INSTRUCTIONS FOR THE TASK: In the material below, print every line exactly and omit the pictures.

STORED DATA:

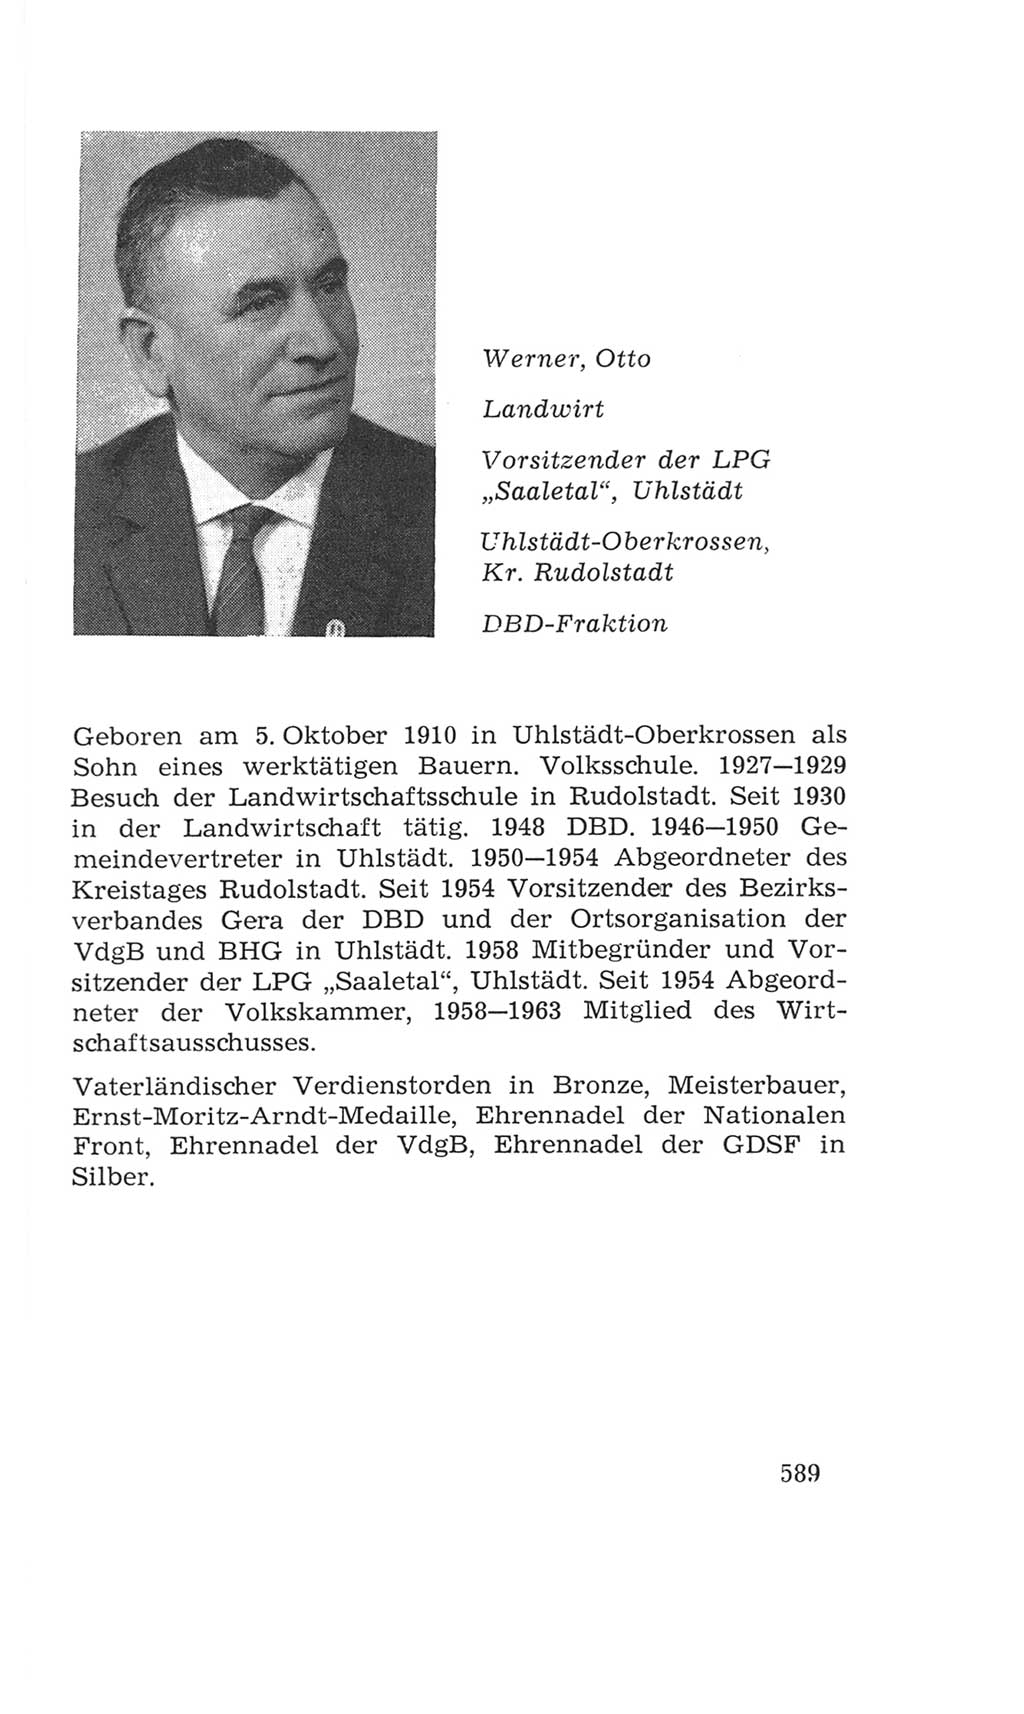 Volkskammer (VK) der Deutschen Demokratischen Republik (DDR), 4. Wahlperiode 1963-1967, Seite 589 (VK. DDR 4. WP. 1963-1967, S. 589)
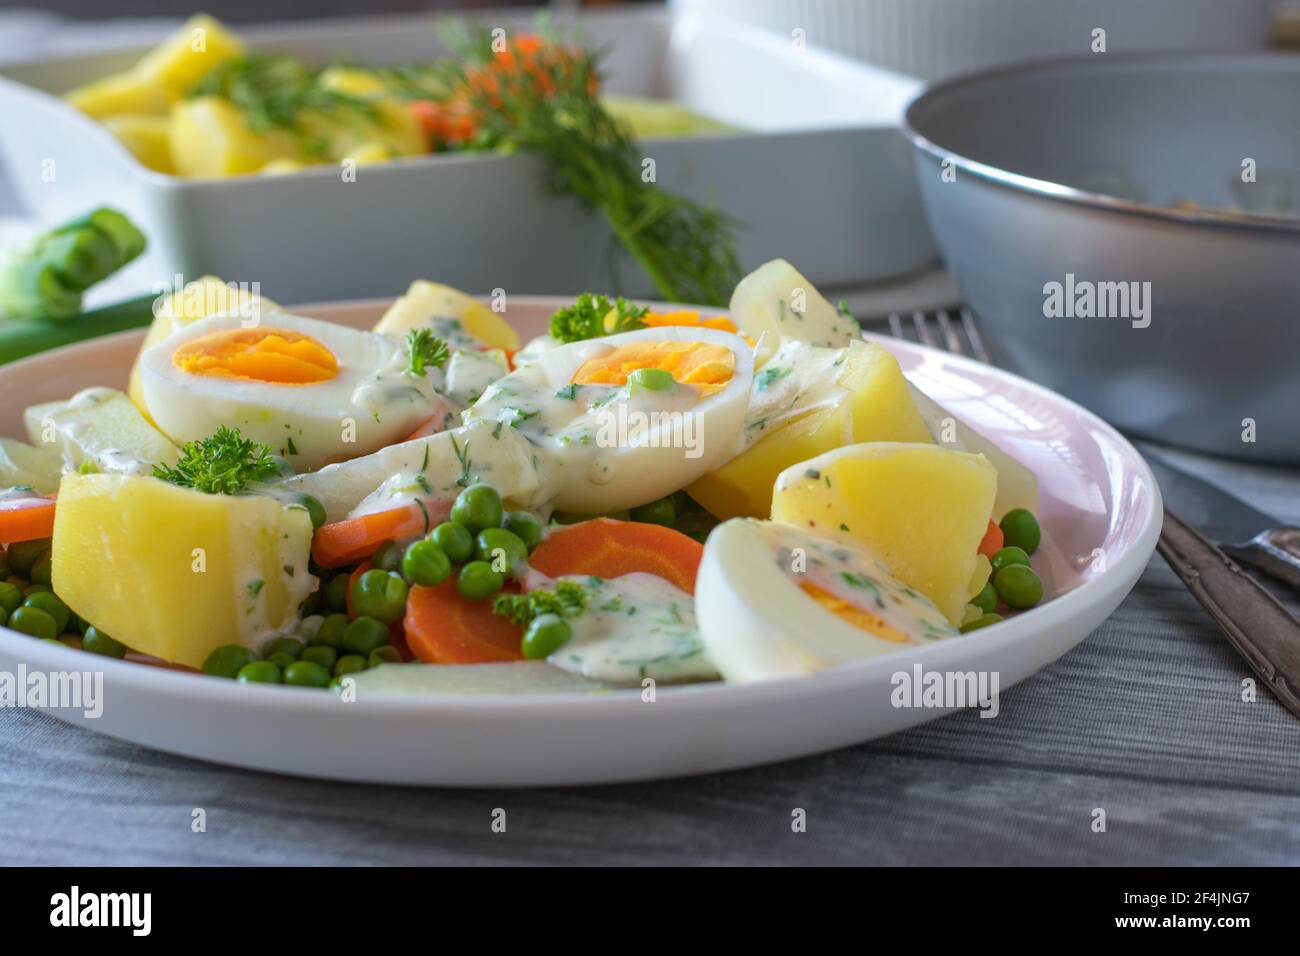 Gekochte Eier mit Gemüse, Kartoffeln und Sauce auf einem Teller Stockfoto
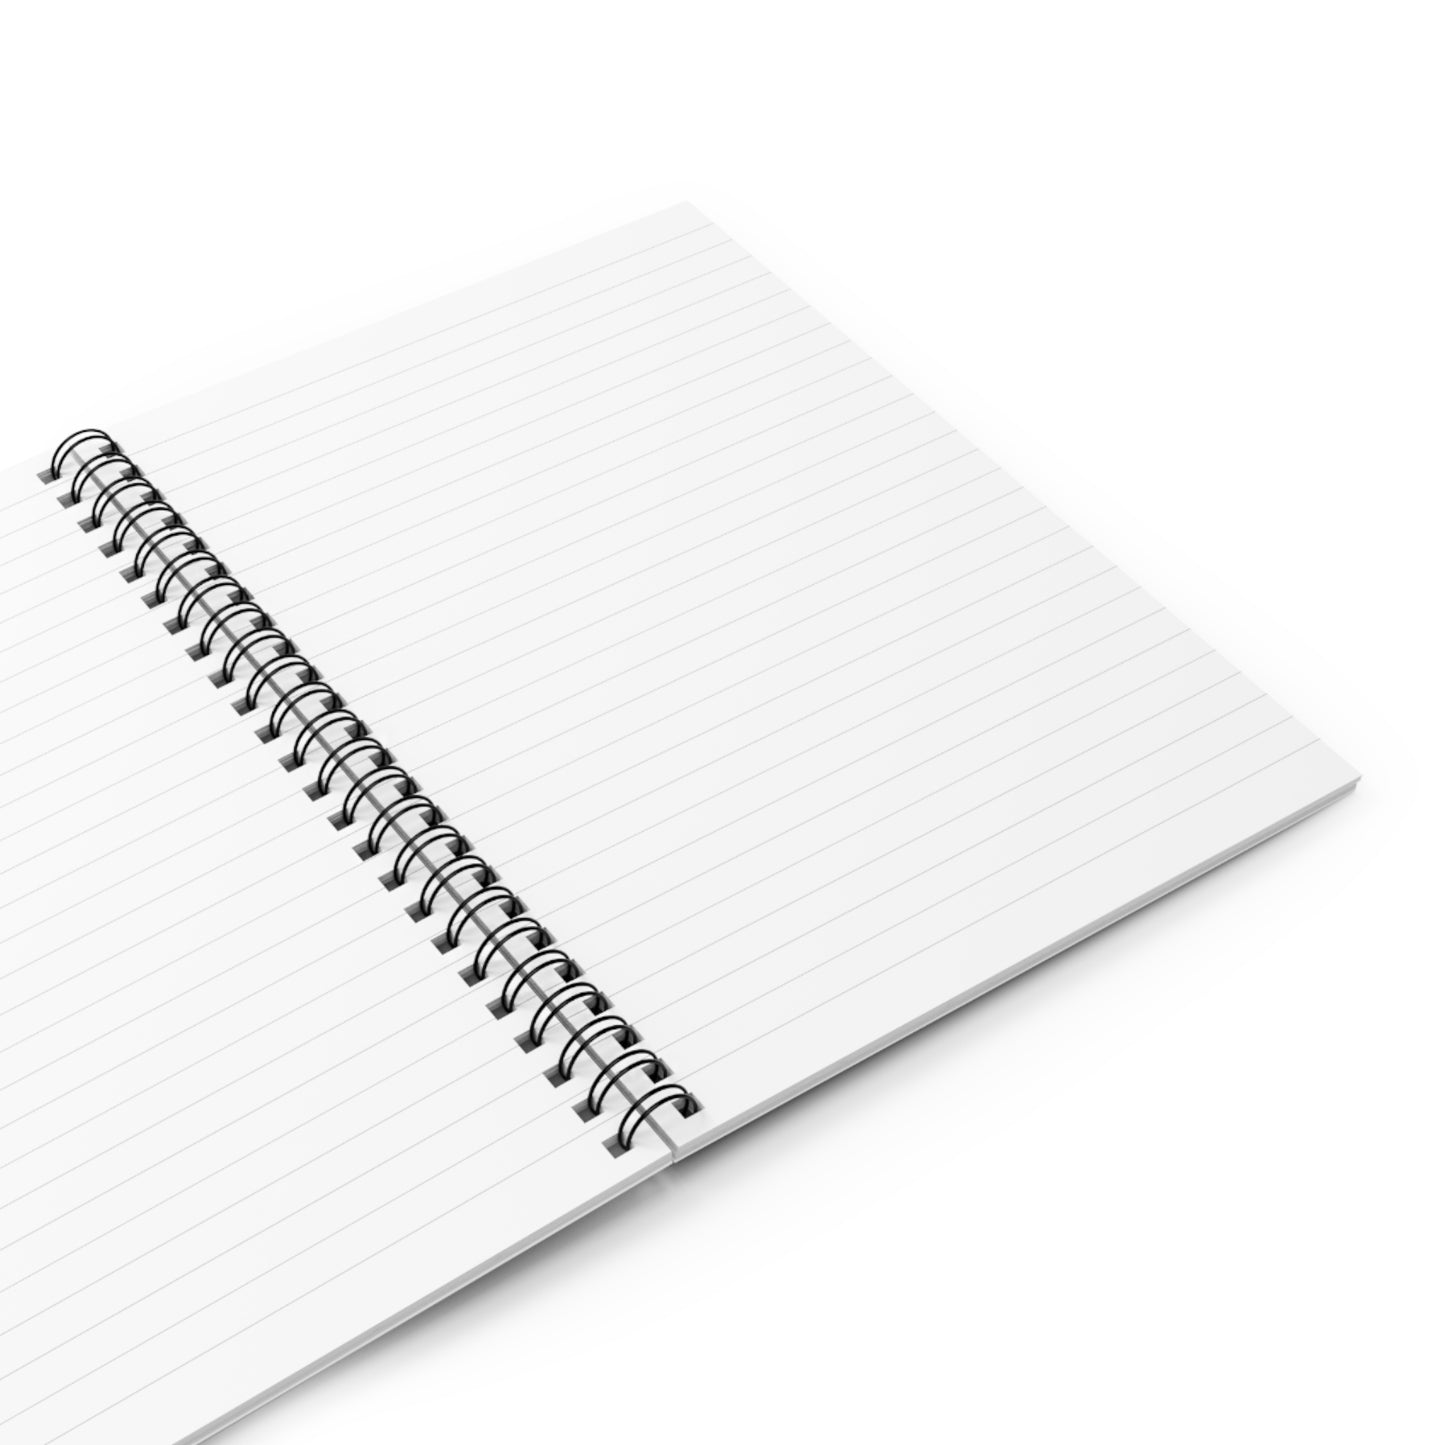 Perci Arai, Planchete Spiral Notebook - Ruled Line

TASK RESULT:
 Volkskammer (VK) der Deutschen Demokratischen Republik (DDR), 4. Wahlperiode 1963-1967, Seite 589 (VK. DDR 4. WP. 1963-1967, S. 589)
 Gekochte Eier mit Gemüse, Kartoffeln und Sauce auf einem Teller Stockfoto
 Perci Arai, Planchete Spiral Notebook - Ruled Line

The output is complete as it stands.